If the value of userProfileCity is Onida, this operation returns the following result:如果userProfileCity的值为Onida,则此操作返回以下结果:

{ "_id" : { "city" : "Bettles" }, "restaurants" : { "restaurants" : [ "Food Fury" ] } }
{ "_id" : { "city" : "Onida" }, "restaurants" : { "restaurants" : [ "The Wrap", "Spice Attack", "Soup City" ] } }
{ "_id" : { "city" : "Pyote" }, "restaurants" : { "restaurants" : [ "Crave" ] } }

If the value of userProfileCity is Pyote, this operation returns the following result:如果userProfileCity的值为Pyote,则此操作返回以下结果:

{ "_id" : { "city" : "Bettles" }, "restaurants" : { "restaurants" : [ "Food Fury" ] } }
{ "_id" : { "city" : "Onida" }, "restaurants" : { "restaurants" : [ "The Wrap" ] } }
{ "_id" : { "city" : "Pyote" }, "restaurants" : { "restaurants" : [ "Crave", "The Gala" ] } }

If the value of userProfileCity is any other value, this operation returns the following result:如果userProfileCity的值是任何其他值,则此操作返回以下结果:

{ "_id" : { "city" : "Bettles" }, "restaurants" : { "restaurants" : [ "Food Fury" ] } }
{ "_id" : { "city" : "Onida" }, "restaurants" : { "restaurants" : [ "The Wrap" ] } }
{ "_id" : { "city" : "Pyote" }, "restaurants" : { "restaurants" : [ "Crave" ] } }

Behavior行为

The init function defines an initial state containing max and restaurants fields.init函数定义一个初始状态,其中包含max字段和restaurants字段。

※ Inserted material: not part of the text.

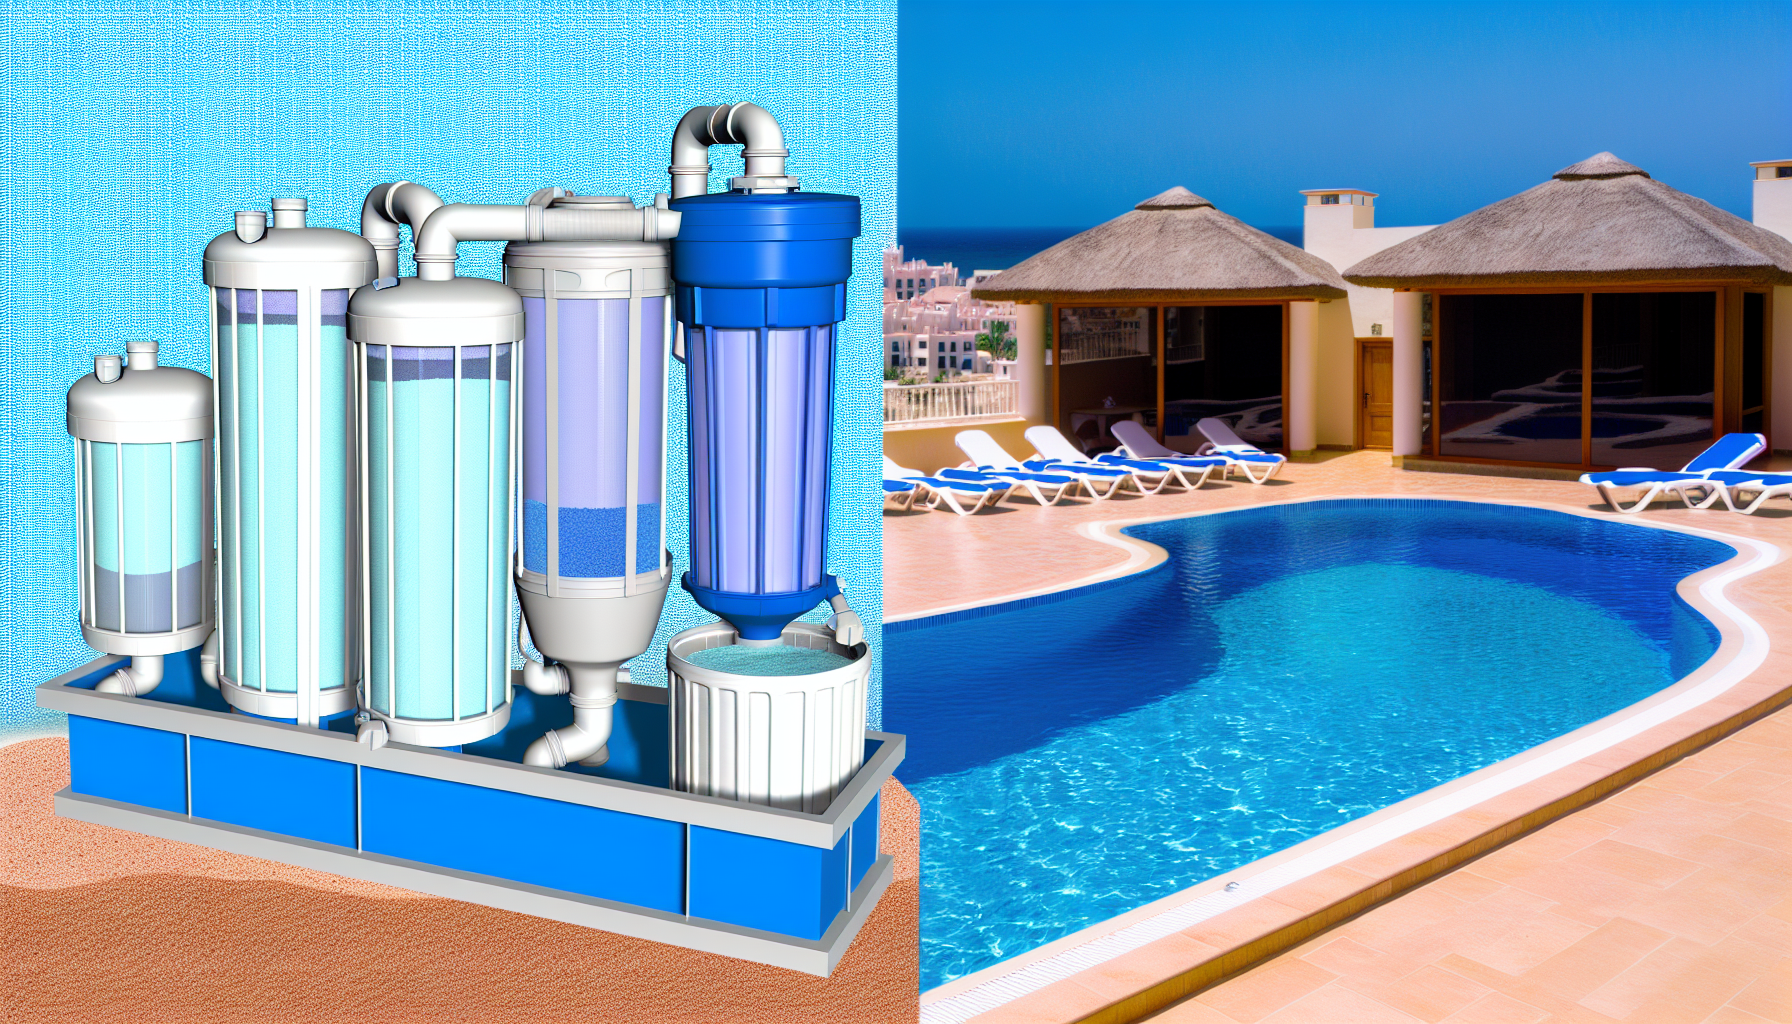 Split-view-Darstellung einer Wasseraufbereitungsanlage und eines luxuriösen Poolbereichs in einem Ferienresort.
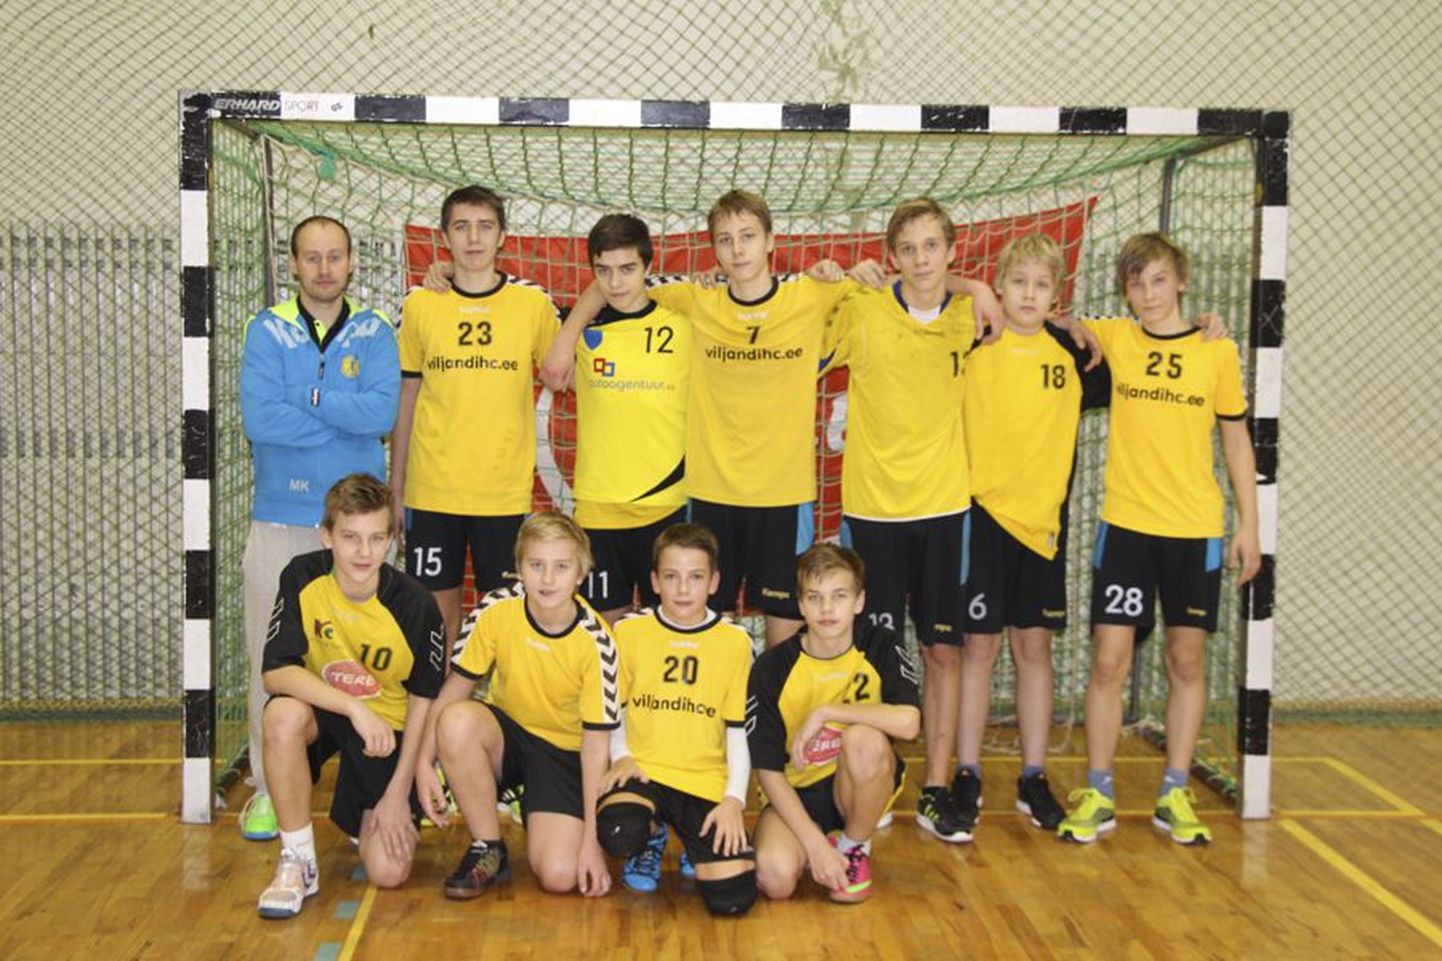 Viljandi Spordikooli C-klassi meeskond saavutas Eesti karikavõistlustel kolmanda koha.

The max field sets the maximum number of restaurants for that particular group.max字段设置该特定组的最大餐厅数。If the document’s city field matches userProfileCity, that group contains a maximum of 3 restaurants.如果文档的city字段与userProfileCity匹配,则该组最多包含3家餐厅。Otherwise, if the document _id does not match userProfileCity, the group contains at most a single restaurant. 否则,如果文档_iduserProfileCity不匹配,则该组最多包含一家餐厅。The init function receives both the city userProfileCity arguments from the initArgs array.init函数从initArgs数组接收city userProfileCity参数。

For each document that the $accumulator processes, it pushes the name of the restaurant to the restaurants array, provided that name would not put the length of restaurants over the max value. 对于$accumulator处理的每个文档,它都会将餐厅的name推送到restaurants数组,前提是该名称不会使restaurants的长度超过max值。With each document that is processed, the accumulate function returns the updated state.对于处理的每个文档,accumulate函数都会返回更新的状态。

The merge function defines how to merge two states.merge函数定义如何合并两个状态。The function concatenates the restaurant arrays from each state together, and the length of the resulting array is limited using the slice() method to ensure that it does not exceed the max value.该函数将每个状态的restaurant数组连接在一起,并使用slice()方法限制生成数组的长度,以确保其不超过max值。

Once all documents have been processed, the finalize function modifies the resulting state to only return the names of the restaurants. 处理完所有文档后,finalize函数会修改结果状态,只返回餐厅的名称。Without this function, the max field would also be included in the output, which does not fulfill any needs for the application.如果没有此功能,输出中也会包含max字段,这无法满足应用程序的任何需求。